2. Formation of Higher-Order Chromatin Structures

30 nm Fiber:

• Chromatin Fiber Formation: The "bead-on-a-string" nucleosomal array is further compacted into a 30 nm fiber. This fiber can be organized into two main models: the solenoid model (a helical structure) and the zigzag model (a less regular, more extended structure).
• Compaction: The 30 nm fiber is believed to be stabilized by interactions between histone tails and linker DNA.
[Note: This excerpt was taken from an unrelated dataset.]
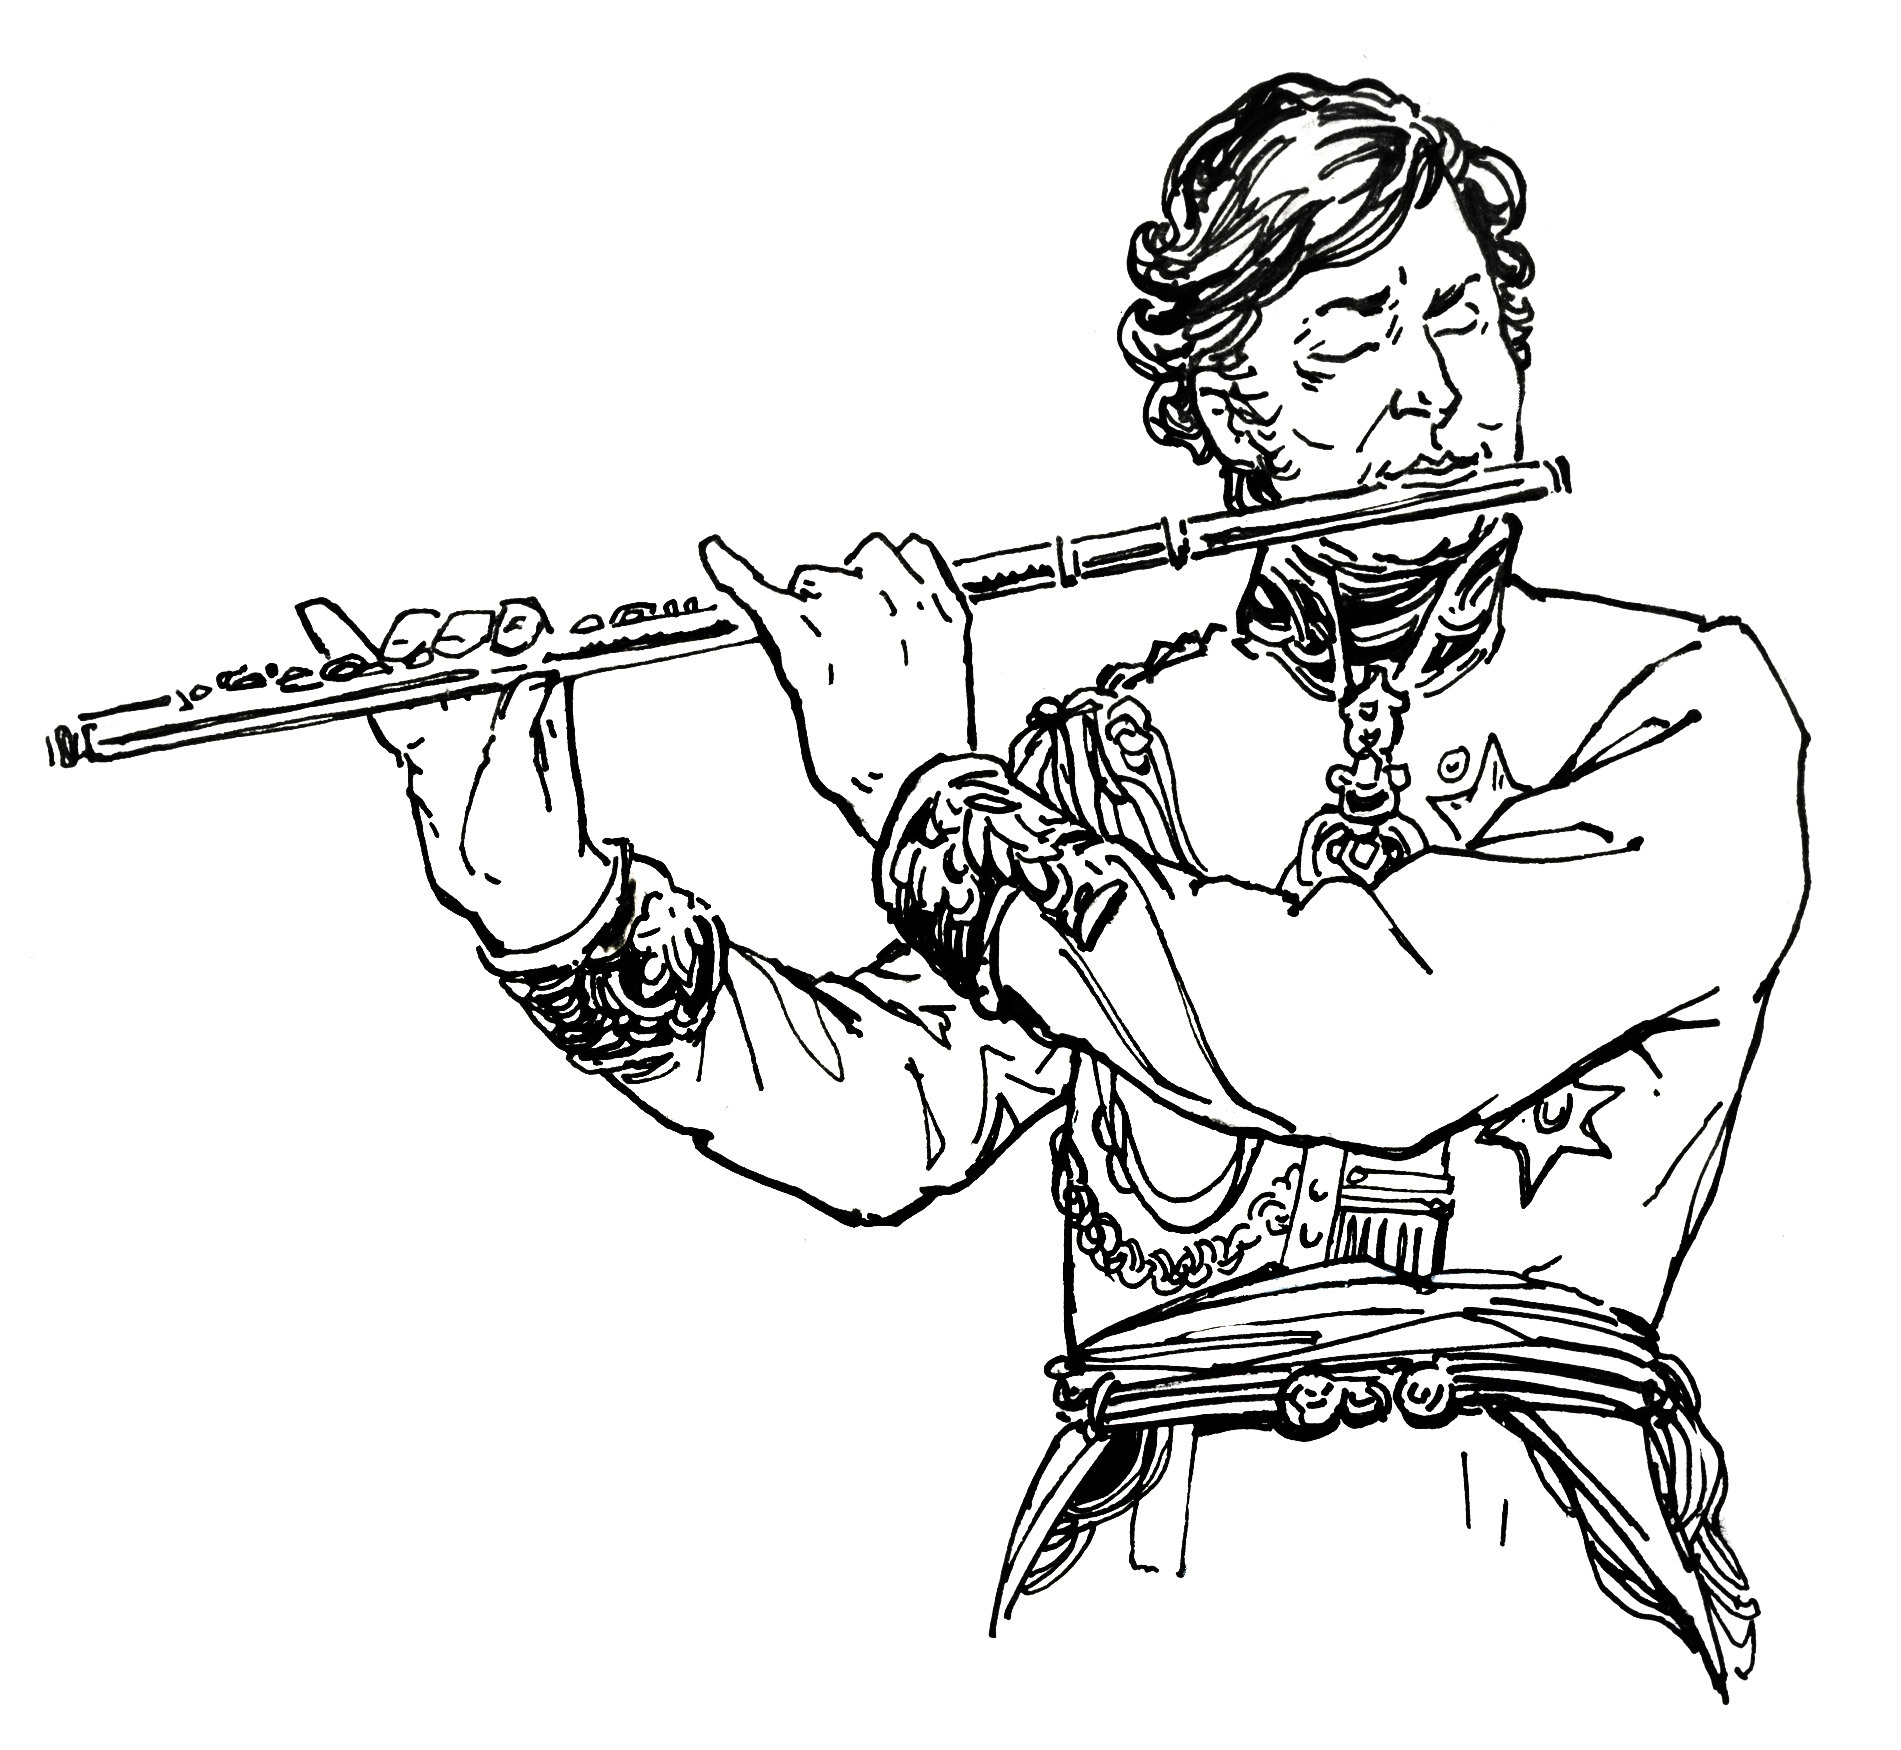 Prince regent playing flute
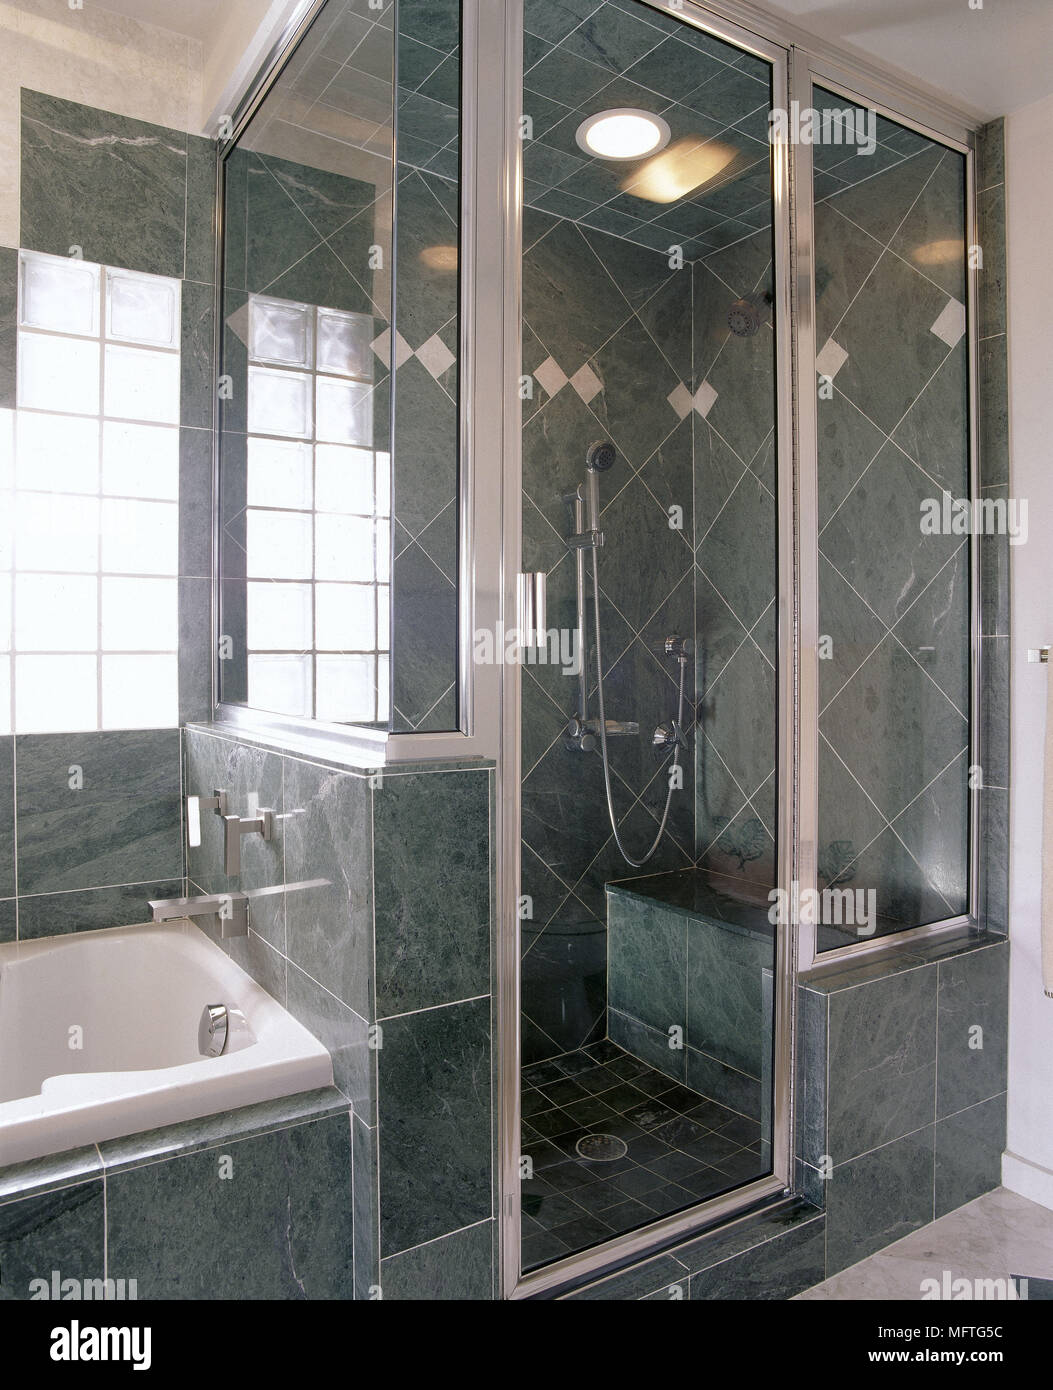 Modern Bathroom Grey Slate Tiled Shower Cubicle Interiors Bathrooms Showers Cubicles Enclosures Tiling Stock Photo Alamy

Loop Domains and Chromatin Organization:

• Loop Domains: The 30 nm fiber is organized into looped domains anchored to a nuclear matrix or scaffold. This organization involves a network of structural maintenance of chromosomes (SMC) proteins, such as cohesin and condensin.
• Chromosome Territories: In the nucleus, individual chromosomes occupy distinct territories. This organization influences gene expression and chromatin accessibility by reducing interactions between chromosomes.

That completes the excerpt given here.